Outro fundamento da Gestalt-terapia, a fenomenologia, enquanto método descritivo, permite-nos construir, gradativamente, o significado do material que é trazido para a sessão terapêutica, tomando todo o cuidado para não interferir com “a prioris”, sejam eles de caráter subjetivo ou teórico. Do psicoterapeuta é requerido manter seus valores, crenças e necessidades “entre parênteses”, suspendendo seu julgamento na compreensão daquilo que se apresenta. É simplesmente ater-se aos fenômenos como eles se mostram, sem interpretá-los e/ou julgá-los. É acompanhar o fluxo da energia que brota de um mundo completamente desconhecido e oferecer sua presença para fazer a viagem juntos, “desde que tal participação contemple a prioridade da relação que se estabelece: que esta possa servir ao indivíduo que procura a terapia, para que ele alcance, autonomamente, sua satisfação, seu reequilíbrio organísmico”. (RODRIGUES, 2004, p. 154)
Após uma cuidadosa avaliação psicológica e psiquiátrica, e medicada não mais como “portadora de síndrome de pânico” _diagnóstico inicial proferido pelo clínico-geral com quem ela se consultava_ L. ganhou qualidade no contato, adquirindo um suporte fundamental no caminho do reconhecimento e responsabilidade por sua “doença”. Atualmente, está fazendo aula de piano e participando de um grupo em unidade do CAPS, na cidade onde mora. E também está arriscando mais, aprendendo a se relacionar com o seu corpo de outra forma.

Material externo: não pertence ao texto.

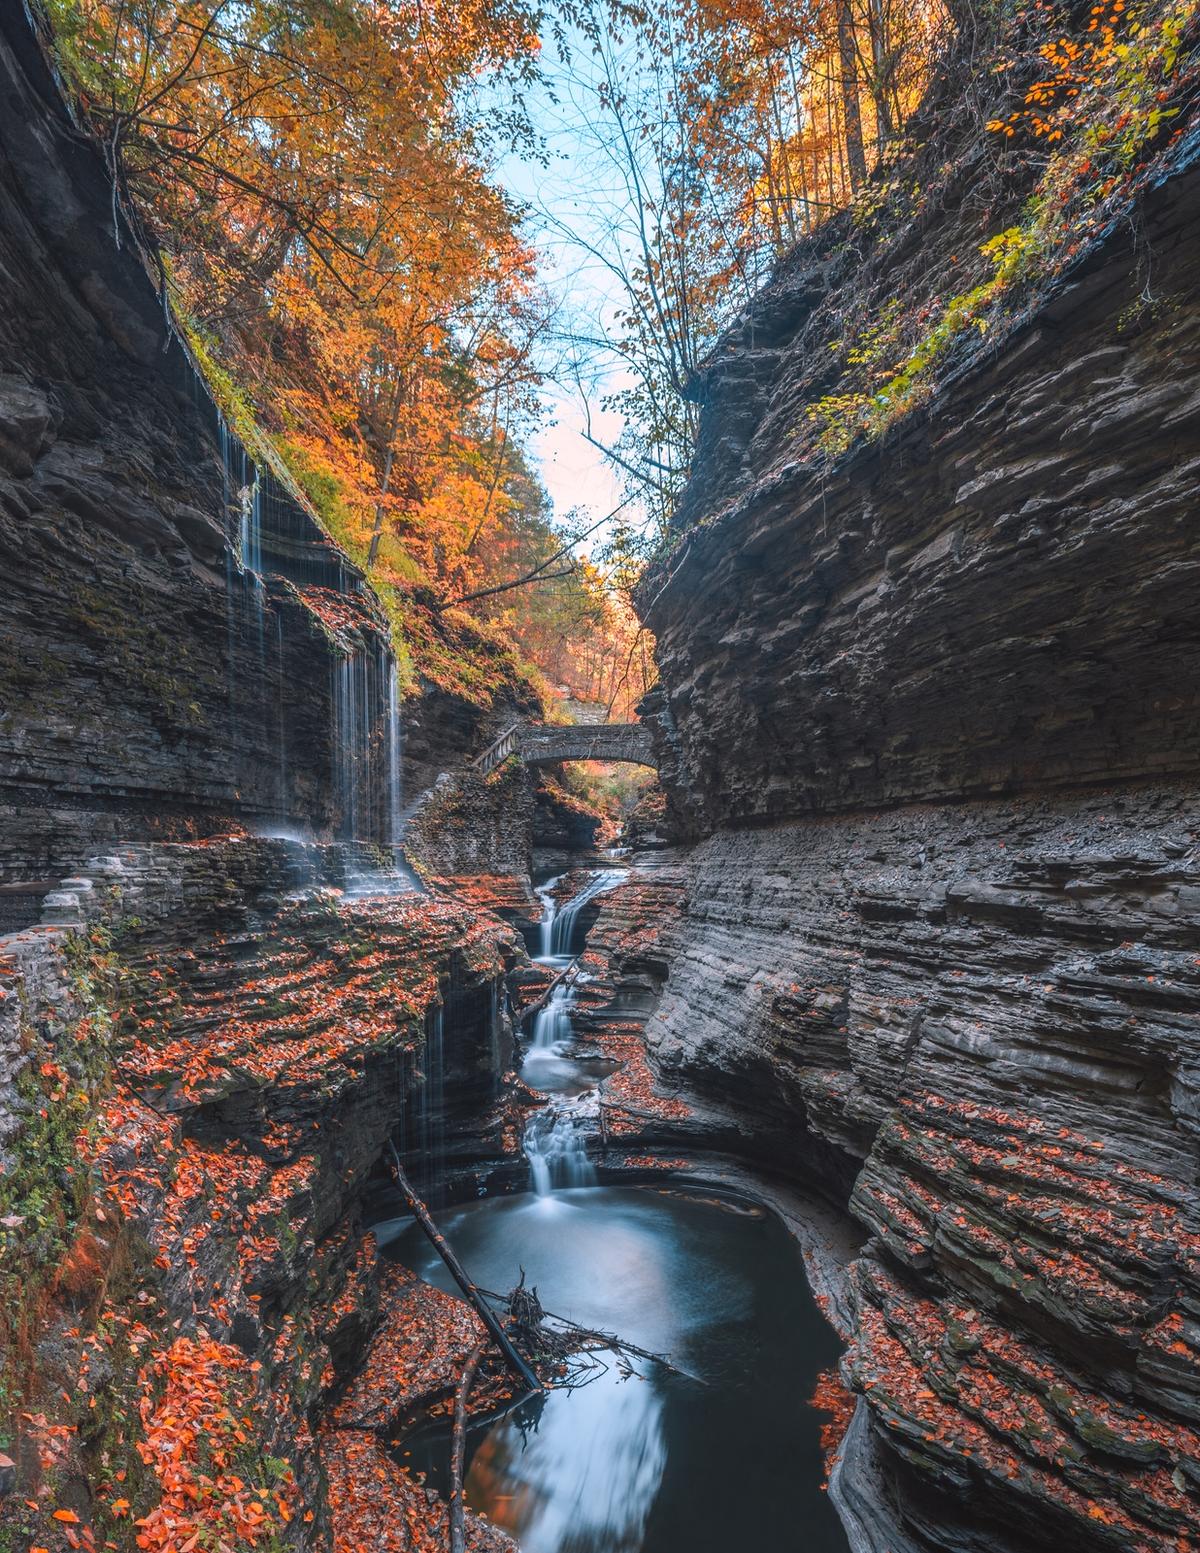 Trail along the gorge in Watkins Glen State Park

Na verdade, a experiência no trabalho com esta cliente tem me demonstrado é que os jargões psiquiátricos, que afirmam ser a psicose um transtorno mental caracterizado por desintegração da personalidade, conflito com a realidade, alucinações, ilusões, falha no ajuste social ou biológico, inadaptação, perda de contato com a realidade etc, servem para que se evite pensar a doença em termos de liberdade, escolha e responsabilidade. Acredito que a minha responsabilidade, como terapeuta, é dar o suporte necessário para que a cliente se perceba como aquela que escolhe qual papel ela quer assumir: a de doente ou a de potencialmente capaz de adquirir saúde e melhor qualidade de vida. O convite é lançado, mas apenas ela pode decidir de qual lado realmente deseja viver!
Os impasses precisam acontecer para nos lançar no mundo das inquietudes e para nos fazer querer deixar o “status quo”. Seja no lugar de terapeuta, seja no do paciente, os desafios, os empecilhos, as angústias servem como molas propulsoras para o crescimento. Estamos no mundo, onde tudo e todos se transformam a todo instante. O tempo nos pertence, assim como a liberdade de re-escolher _sempre_ o que e quem somos. Acreditar nesta possibilidade verdadeira de mudança e aceitar as diferenças a partir do que cada um escolhe para sua vida, me enche de esperança não só quanto à verdadeira possibilidade de crescimento individual, como também no sentido de uma sociedade mais generosa, tolerante e humanizada.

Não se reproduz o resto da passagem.